For one of the questions i was asked to solve, I found the max value of an array using a for loop, so i tried to find it using recursion and this is what I came up with:
public static int findMax(int[] a, int head, int last) {
int max = 0;
if (head == last) {
return a[head];
} else if (a[head] < a[last]) {
return findMax(a, head + 1, last);
} else {
return a[head];
}
}
So it works fine and gets the max value, but my question is : is it ok to have for the base case return a[head] and for the case when the value at the head is > the value at last?
You could just as easily do it with only one counter, just the index of the value you want to compare this time:
public static int findMax(int[] a, int index) {
if (index > 0) {
return Math.max(a[index], findMax(a, index-1))
} else {
return a[0];
}
}
This much better shows what is going on, and uses the default "recursion" layout, e.g. with a common base step. Initial call is by doing findMax(a, a.length-1).
It's actually much simpler than that. The base case is if you've reached the end of the array (the 'else' part of the ternary control block below). Otherwise you return the max of the current and the recursive call.
public static int findMax(int[] a) {
return findMax(a, 0);
}
private static int findMax(int[] a, int i) {
return i < a.length
? Math.max(a[i], findMax(a, i + 1))
: Integer.MIN_VALUE;
}
At each element, you return the larger of the current element, and all of the elements with a greater index. Integer.MIN_VALUE will be returned only on empty arrays. This runs in linear time.
I would solve this by dividing the array in to the half on each recursive call.
findMax(int[] data, int a, int b)
where a and b are array indices.
The stop condition is when b - a <= 1, then they are neighbours and the max is max(a,b);
The initial call:
findMax(int[] data, int 0, data.length -1);
This reduces the maximum recursion depth from N to log2(N).
But the search effort still stays O(N).
This would result in
int findMax(int[] data, int a, int b) {
if (b - a <= 1) {
return Math.max(data[a], data[b]);
} else {
int mid = (a+b) /2; // this can overflow for values near Integer.Max: can be solved by a + (b-a) / 2;
int leftMax = findMax(a, mid);
int rightMax = findMax(mid +1, b);
return Math.max(leftMax, rightMax);
}
}
I came across this thread and it helped me a lot. Attached is my complete code in both recursion and divide&conquer cases.
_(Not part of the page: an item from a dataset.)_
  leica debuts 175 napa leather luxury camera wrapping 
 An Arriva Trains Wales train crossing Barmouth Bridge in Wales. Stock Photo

The run time for divide&conquer is slightly better than recursion.
//use divide and conquer.
public int findMaxDivideConquer(int[] arr){
return findMaxDivideConquerHelper(arr, 0, arr.length-1);
}
private int findMaxDivideConquerHelper(int[] arr, int start, int end){
//base case
if(end - start <= 1) return Math.max(arr[start], arr[end]);
//divide
int mid = start + ( end - start )/2;
int leftMax =findMaxDivideConquerHelper(arr, start, mid);
int rightMax =findMaxDivideConquerHelper(arr, mid+1, end);
//conquer
return Math.max( leftMax, rightMax );
}
// use recursion. return the max of the current and recursive call
public int findMaxRec(int[] arr){
return findMaxRec(arr, 0);
}
private int findMaxRec(int[] arr, int i){
if (i == arr.length) {
return Integer.MIN_VALUE;
}
return Math.max(arr[i], findMaxRec(arr, i+1));
}
What about this one ?
public static int maxElement(int[] a, int index, int max) {
int largest = max;
while (index < a.length-1) {
//If current is the first element then override largest
if (index == 0) {
largest = a[0];
}
if (largest < a[index+1]) {
largest = a[index+1];
System.out.println("New Largest : " + largest); //Just to track the change in largest value
}
maxElement(a,index+1,largest);
}
return largest;
}
I know its an old Thread, but maybe this helps!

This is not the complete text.